Denver (Colorado), ottobre 2003. Un migliaio di persone – in gran parte nativo americane – marciano per le strade del centro della città per protestare contro la manifestazione organizzata per ricordare Cristoforo Colombo. Dal 1971, infatti, ogni secondo lunedì di ottobre ricorre una festività nazionale chiamata "la giornata di Colombo". Da costa a costa le comunità italo-americane festeggiano con parate tricolori il grande navigatore che per primo scoprì l’America. Il gruppo di protesta di Denver con a capo Wallace Black Elk, lakota, consegna agli organizzatori della "giornata dell’orgoglio italiano" una lettera in cui si chiede di rimuovere il nome di Colombo dalla manifestazione dopodiché se ne va, lasciando proseguire la parata. Contemporaneamente nelle Hawaii Mike Graham, fondatore dell’organizzazione United Native America, raccoglie firme per una petizione affinché non vengano usati i soldi dei contribuenti per questa festa nazionale (l’altra è il Martin Luther King Day il terzo lunedì di gennaio), ma il suo obiettivo finale è quello di fare pressioni sul Congresso perché venga creata una festività dedicata alla Popolazioni Indigene della Nazione, sensibilizzando i politici anche riguardo l’esclusione dei nativo americani dallo sport, dal cinema, dalla televisione, dai media, dalla musica.

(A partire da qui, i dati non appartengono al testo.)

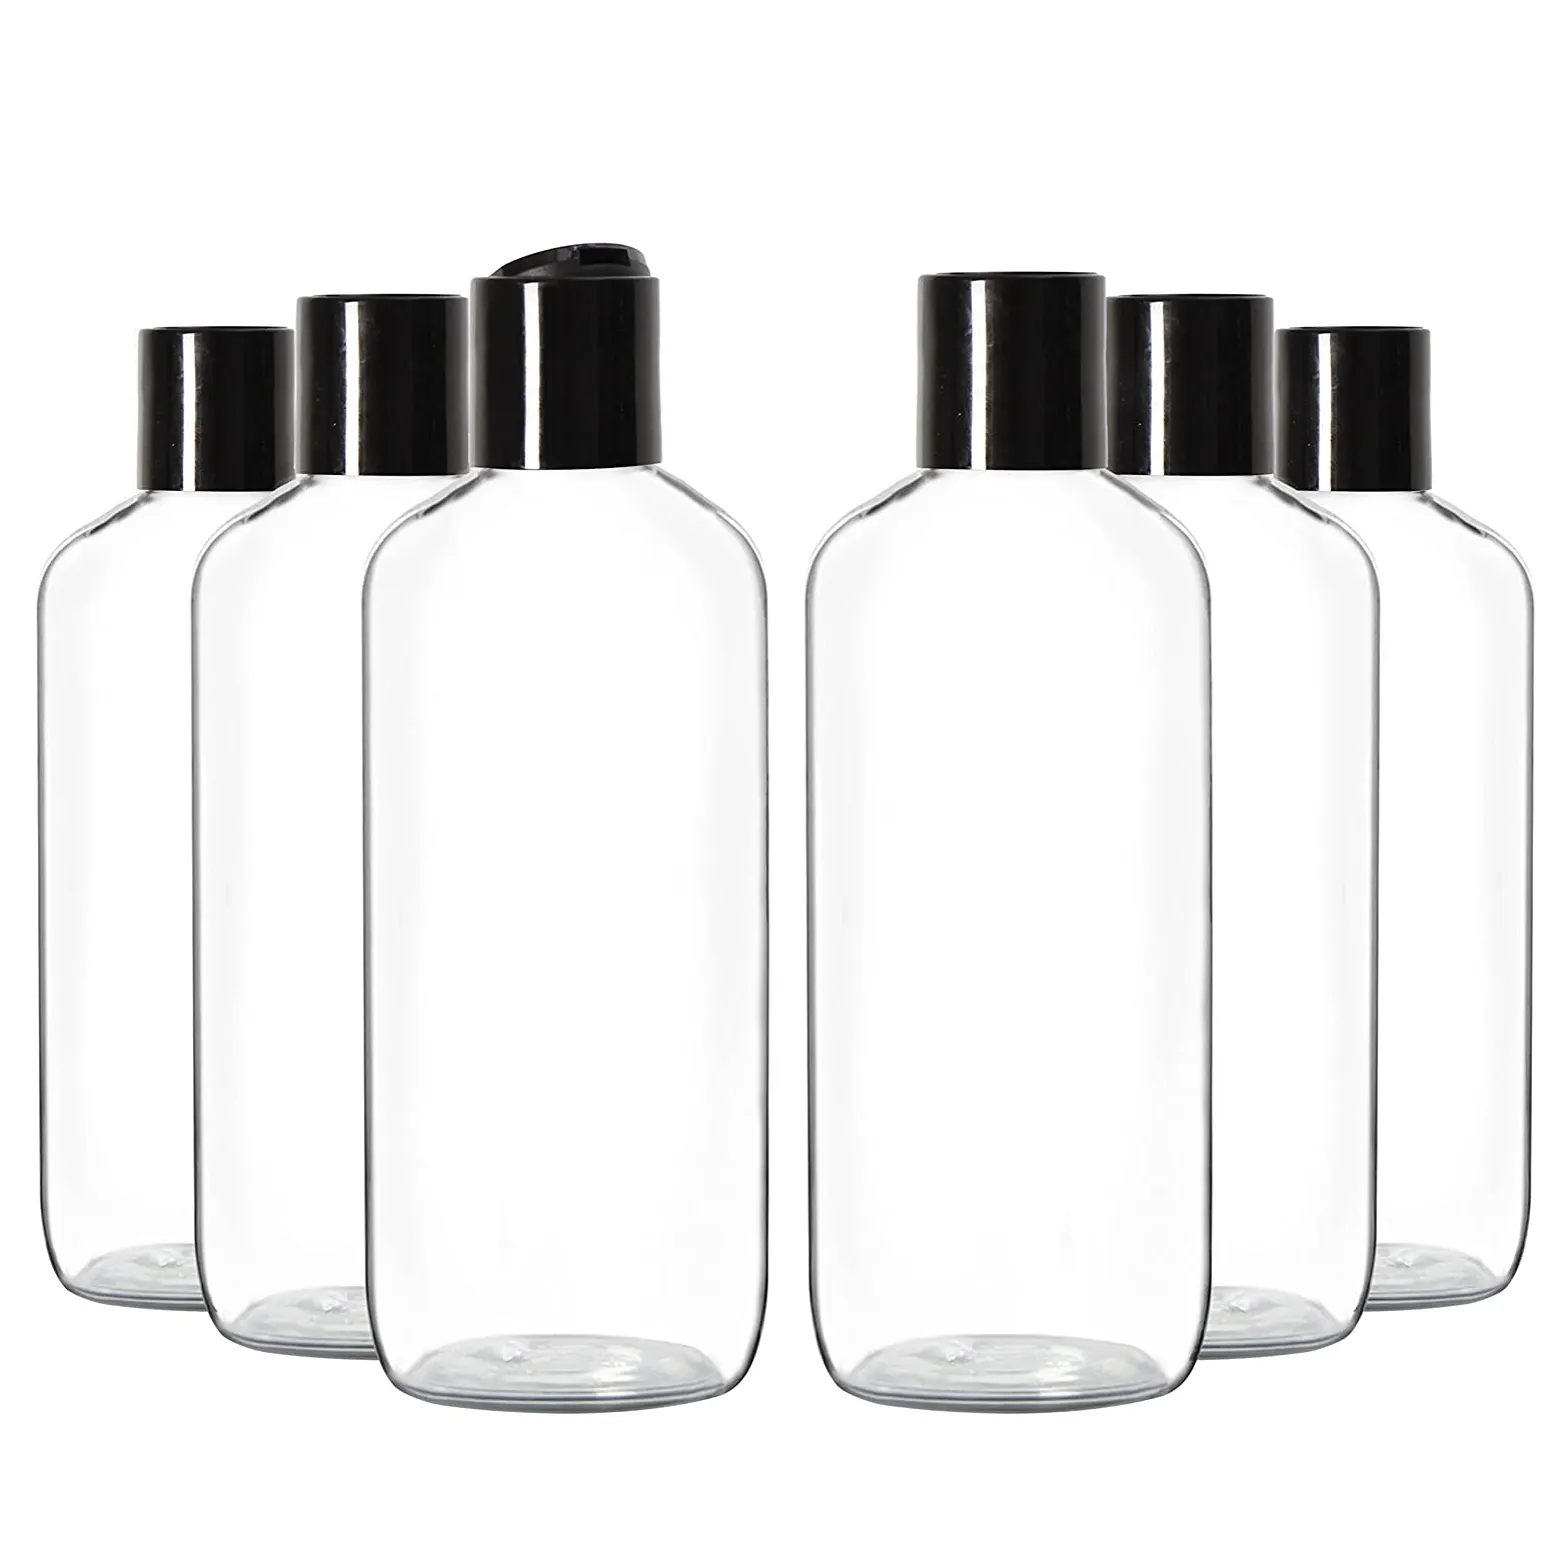 8 Oz Plastic Refillable Clear Travel Squeeze Lotion Containers Disc Cap Press Top Bottles for Shower Gel Shampoo Body Wash

Nel 2000 la protesta dei nativo americani a Denver ebbe ben altro esito. Dapprima gli organizzatori della manifestazione accettarono di togliere il riferimento a Colombo dalle celebrazioni poi, all’ultimo momento, cambiarono idea. Così 140 nativo americani che si erano seduti a terra in un atto di disobbedienza civile pregando e bruciando salvia, come è tradizione per molti gruppi tribali, vennero arrestati senza che opponessero resistenza. La polizia ripristinò il proseguimento della parata degli italo-americani, i quali ripresero a sfilare su motocicli e carri indirizzando gesti osceni e insulti ai nativo americani rimasti per la strada. Per onore di cronaca occorre dire che un gruppo di giovani italo-americani apertamente schierati in favore delle posizioni native distribuiva volantini e scandiva lo slogan "Italian pride not genocide", orgoglio italiano si, genocidio no.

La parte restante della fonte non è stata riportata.